Fig. 1. Dose-response of amitriptyline inhibition of EAAT3 responses to 30 µM L-glutamate.
The IC50 value for this inhibition was 0.11 µM. Three typical current traces are inserted in the figure. The short line above each current trace represents the time of L-glutamate application. Data are means ± S.D. (n = 27 – 48 in each data point). * P < 0.05 compared to control.

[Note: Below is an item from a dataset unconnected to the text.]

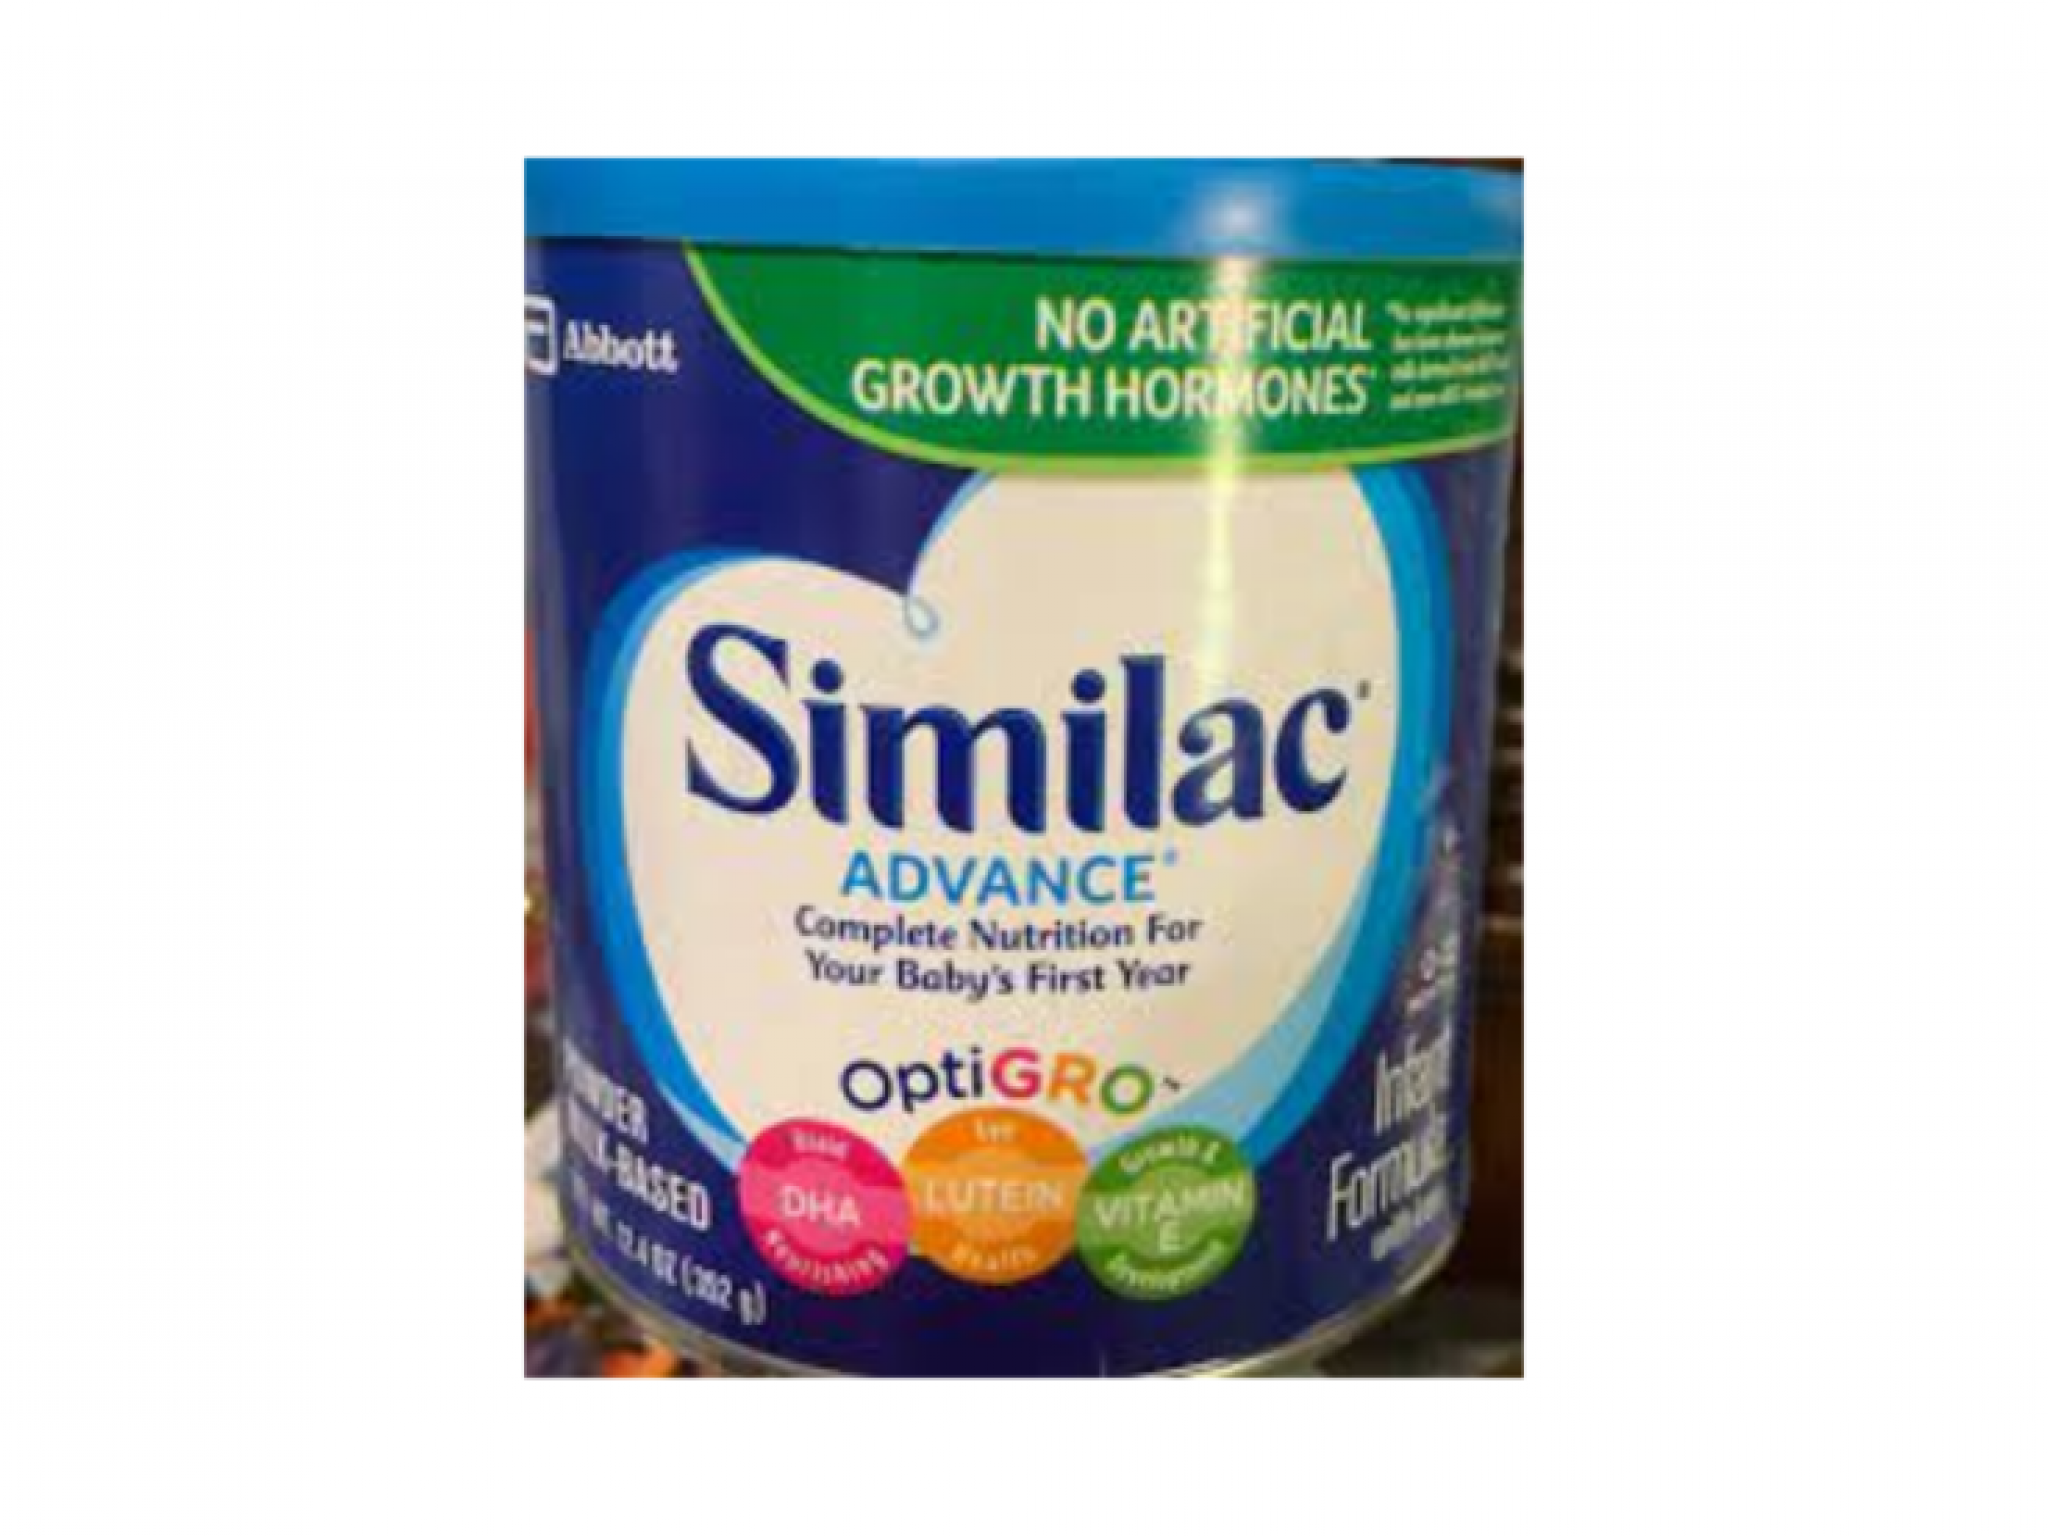  similac-baby-formula-maker-abbott-and-reckitt-face-hundreds-of-baby-formula-lawsuits

Consistent with our previous studies (Do et al 2002; Kim et al 2003), the Km of EAAT3 for L-glutamate was 35 ± 16 µM. This Km was not significantly affected by 0.64 µM amitriptyline. However, amitriptyline significantly decreased the Vmax of EAAT3 for L-glutamate (from 1.20 ± 0.10 of control group to 0.94 ± 0.10 of amitriptyline group, P < 0.05). This amitriptyline effect disappeared in occytes perfused with Tyrode’s solution for 4 min after amitriptyline treatment (Fig. 2).

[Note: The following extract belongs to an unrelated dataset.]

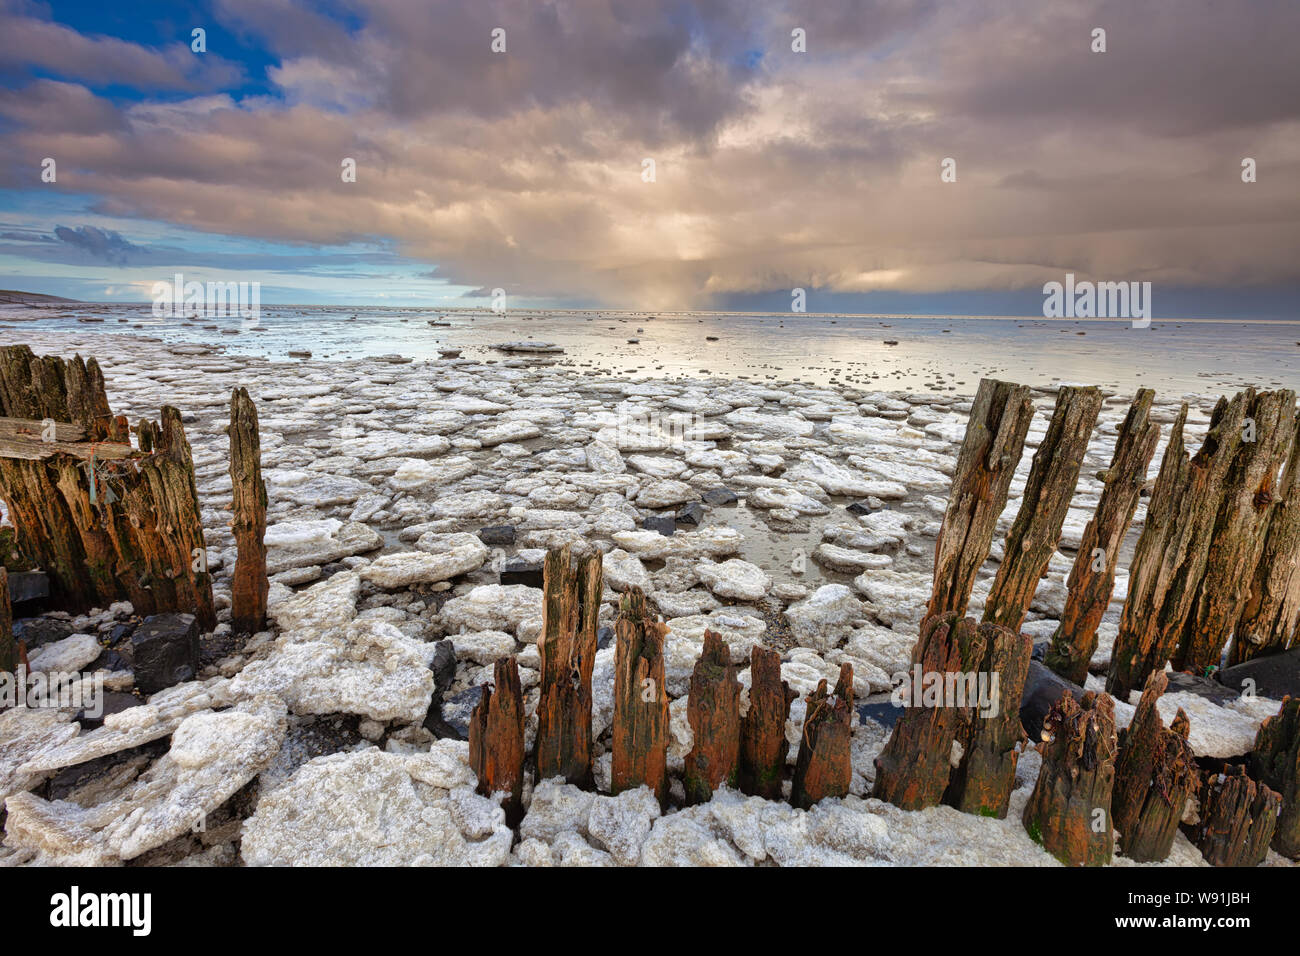 IJsschotsen op de Waddenzee - Shelf ice on the Wadden sea Stock Photo

Fig. 2. Effects of amitriptyline on EAAT3 activity.
The EAAT3 responses to various L-glutamate concentrations were measured before (control group) and immediately after amitriptyline treatment (amitriptyline group) and after a 4-min Tyrode’s perfusion (Tyrode’s washout). The Vmax and Km values of EAAT3 response to L-glutamate are listed in the table above the figure. Data are means ± S.D. (n = 6 in each data point). * P < 0.05 compared to the corresponding values in control group.
Preincubation of the oocytes with 100 nM PMA, a PKC activator, increased EAAT3 activity significantly compared to the control (Fig. 3). However, 0.64 µM amitriptyline caused a similar degree of decrease in EAAT3 responses no matter whether PMA was present or not (EAAT3 responses in the amitriptyline groups were 0.84 ± 0.32 and 0.78 ± 0.34 fold of the corresponding controls, respectively, in the presence or absence of PMA, n = 24 – 45 , P > 0.05).

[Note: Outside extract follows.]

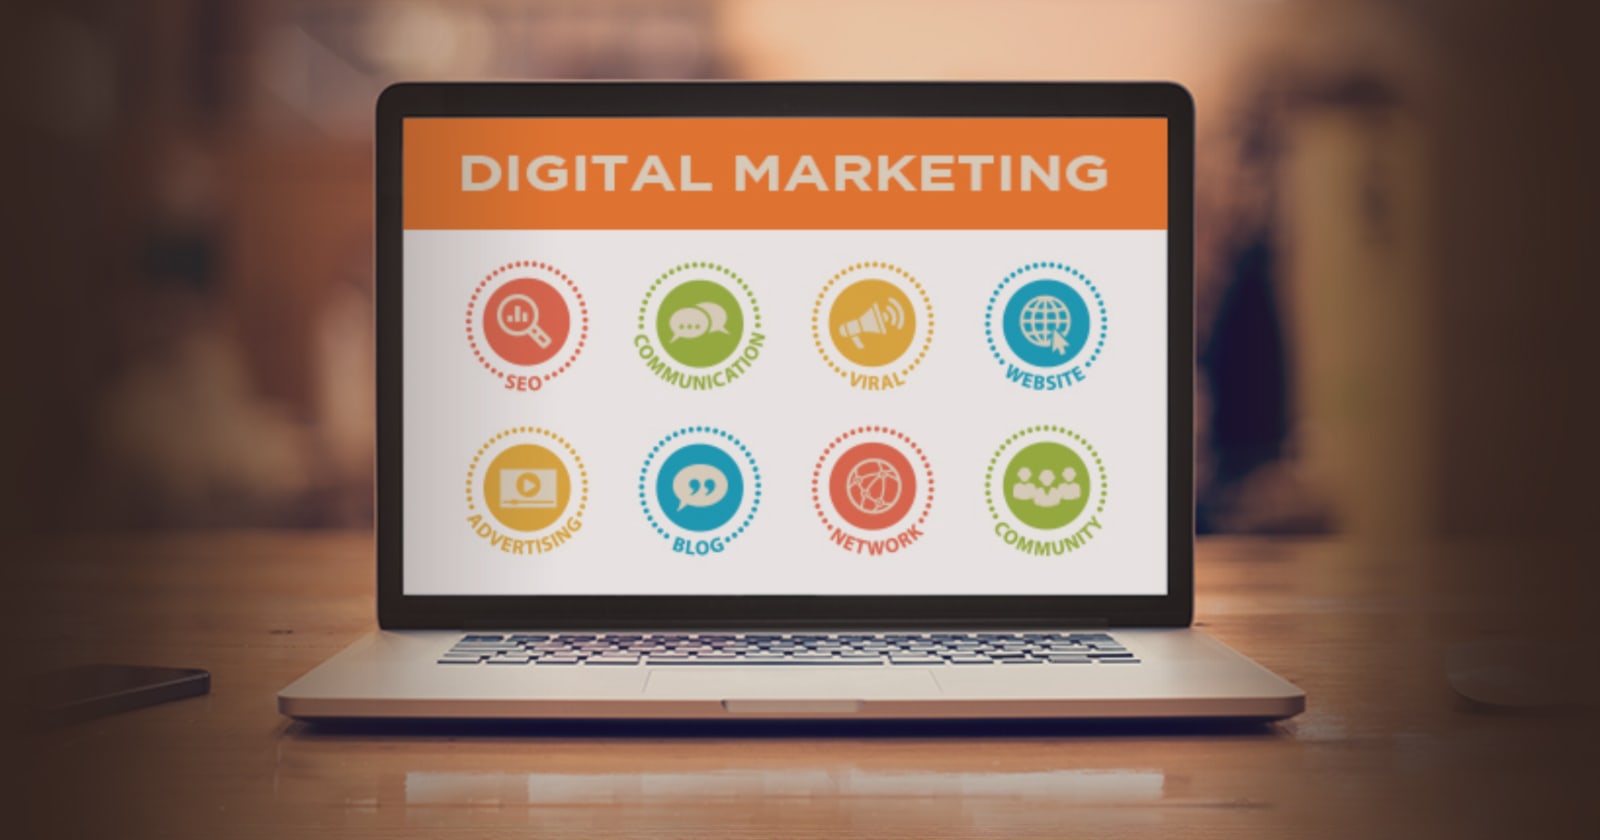 Digital Marketing Course in Australia

Fig. 3. Effects of protein kinase C (PKC) activation on EAAT3 activity in the presence or absence of 0.64 µM amitriptyline.
Oocytes were exposed to or were not exposed to 100 nM phorbol-12-myristate-13-acetate (PMA, a PKC activator) for 10 min before they were stimulated by 30 µM L-glutamate in the presence or absence of amitriptyline. Data are means ± S.D. (n = 24 – 45 in each data point). * P < 0.05 compared to control, † P < 0.05 compared to PMA alone, ‡ P < 0.05 compared to amitriptyline alone.
Discussion
Antidepressants have been used for decades and their therapeutic effects have been thought to be mediated by inhibition of monoamine uptake. However, antidepressant-like activity can be produced not only by drugs modulating the glutamatergic synapses, but also by agents that affect subcellular signaling systems linked to excitatory amino acid receptors (Paul & Skolnick 2003). Since EAATs can regulate extracellular glutamate concentrations and glutamatergic neurotransmission (Danbolt 2001), EAATs may be a target for antidepressants. Consistent with this idea, it has been shown that amitriptyline regulates EAAT3 mRNA expression in rat brain (Andin et al 2004). Amitriptyline also blocks morphine-induced redistribution of EAAT1 and EAAT2, but not EAAT3, from the plasma membrane to intracellular space in rat spinal cord and such effects have been considered to play a role in the reduction of morphine tolerance by amitriptyline (Tai et al 2007).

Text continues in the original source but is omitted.